I don't really want to uninstall and re-install all the ports, thanks.


----------



## joint (Dec 19, 2013)

*Re: troubles with dns/p5-Net-DNS compilation after Perl upda*

Let me confirm exactly the same issue happening with dns/p5-Net-DNS that causing troubles using:

```
# portupgrage -fr dns/p5-Net-DNS
```

Tried to rebuild all the Perl ports using:

```
# portupgrade -fr lang/perl5.16
```
still no joy - the same error:

```
===>   p5-Net-DNS-0.73 depends on file: /usr/local/bin/perl5.16.3 - found
===>  Configuring for p5-Net-DNS-0.73
Can't load '/usr/local/lib/perl5/site_perl/5.16/mach/auto/Socket/Socket.so' for module Socket: /usr/local/lib/perl5/site_perl/5.16/mach/auto/Socket/Socket.so: Undefined symbol "PL_sv_undef" at /usr/local/lib/perl5/5.16/XSLoader.pm line 68.
 at /usr/local/lib/perl5/site_perl/5.16/mach/Socket.pm line 858.
Compilation failed in require at /usr/local/lib/perl5/5.16/mach/IO/Socket.pm line 13.
BEGIN failed--compilation aborted at /usr/local/lib/perl5/5.16/mach/IO/Socket.pm line 13.
Compilation failed in require at ./Makefile.PL line 8.
BEGIN failed--compilation aborted at ./Makefile.PL line 8.
*** Error code 255

Stop in /usr/ports/dns/p5-Net-DNS.
*** Error code 1
```


```
# uname -a
FreeBSD xhostx.xcom 8.3-STABLE
```


----------



## breefsd (Dec 20, 2013)

*Re: troubles with dns/p5-Net-DNS compilation after Perl upda*

About dns/p5-Net-DNS, have you ever successfully installed version 0.73 or do you need as well to upgrade the port?
I don't know if anyone can compile dns/p5-Net-DNS without error...


----------



## wblock@ (Dec 20, 2013)

*Re: troubles with dns/p5-Net-DNS compilation after Perl upda*

As part of an upgrade to 10.0, dns/p5-Net-DNS was recompiled here a few days ago.  It has worked since then, and I'm able to recompile it right now.

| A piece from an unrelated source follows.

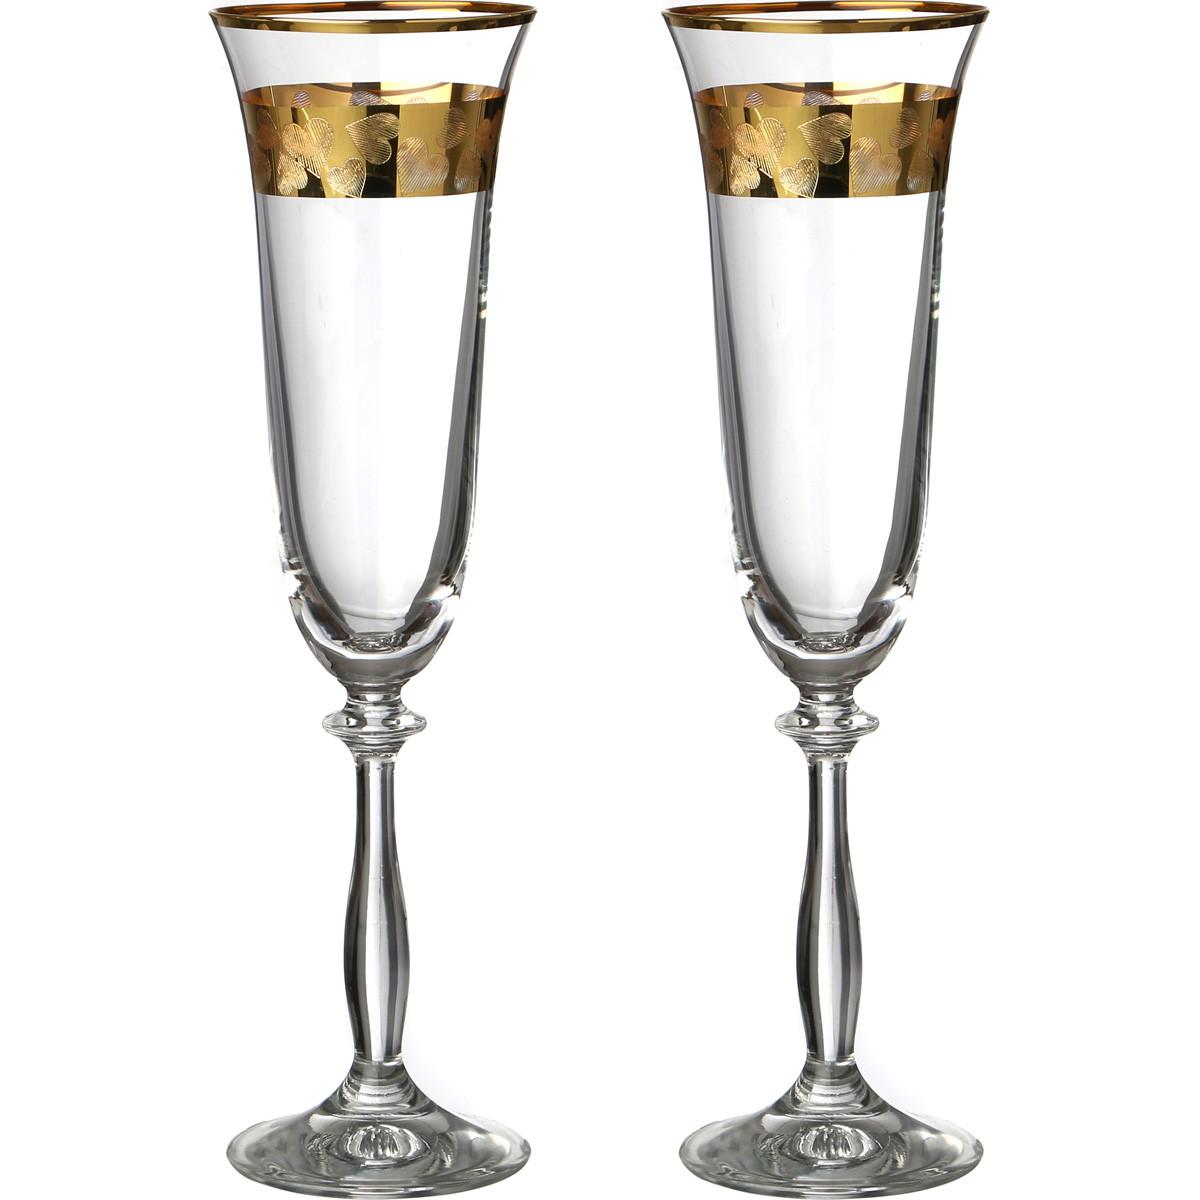 {} Bohemia Crystal Набор бокалов для шампанского Allister  (25 см - 2 шт) crystal bohemia
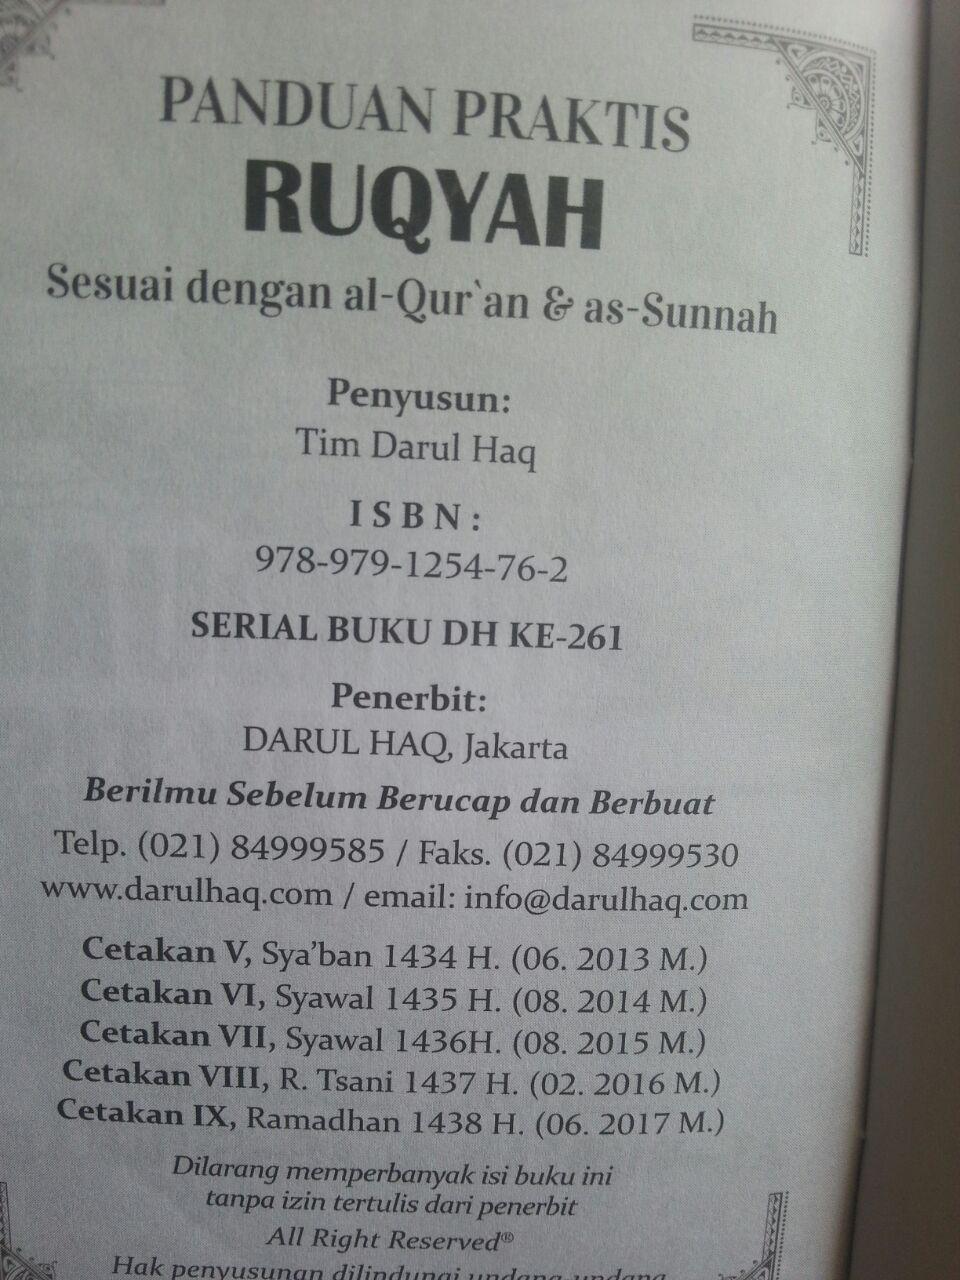 Buku Saku Panduan Praktis Ruqyah Sesuai Al-Quran As-Sunnah isi 2

/usr/local/lib/perl5/site_perl/5.16/mach/Socket.pm is not present on my system.  It may be a leftover from a failed earlier Perl upgrade.


----------



## breefsd (Dec 20, 2013)

*Re: Troubles with dns/p5-Net-DNS compilation after Perl upda*

So should I remove /usr/local/lib/perl5/site_perl/5.16/mach/Socket.pm, then compilation would not be attempted for this file (I don't know wat "Perl Module" files are exactly, maybe like libraries)? Thanks.


----------



## wblock@ (Dec 21, 2013)

*Re: Troubles with dns/p5-Net-DNS compilation after Perl upda*

Run `pkg_info -W /usr/local/lib/perl5/site_perl/5.16/mach/Socket.pm` to see if that file is part of any installed port.


----------



## breefsd (Dec 24, 2013)

*Re: Troubles with dns/p5-Net-DNS compilation after Perl upda*

I get the following result: /usr/local/lib/perl5/site_perl/5.16/mach/Socket.pm was installed by package p5-Socket-2.013.
`pkg_version` says net/p5-Socket is up to date 
net/p5-Socket is required by some other installed ports.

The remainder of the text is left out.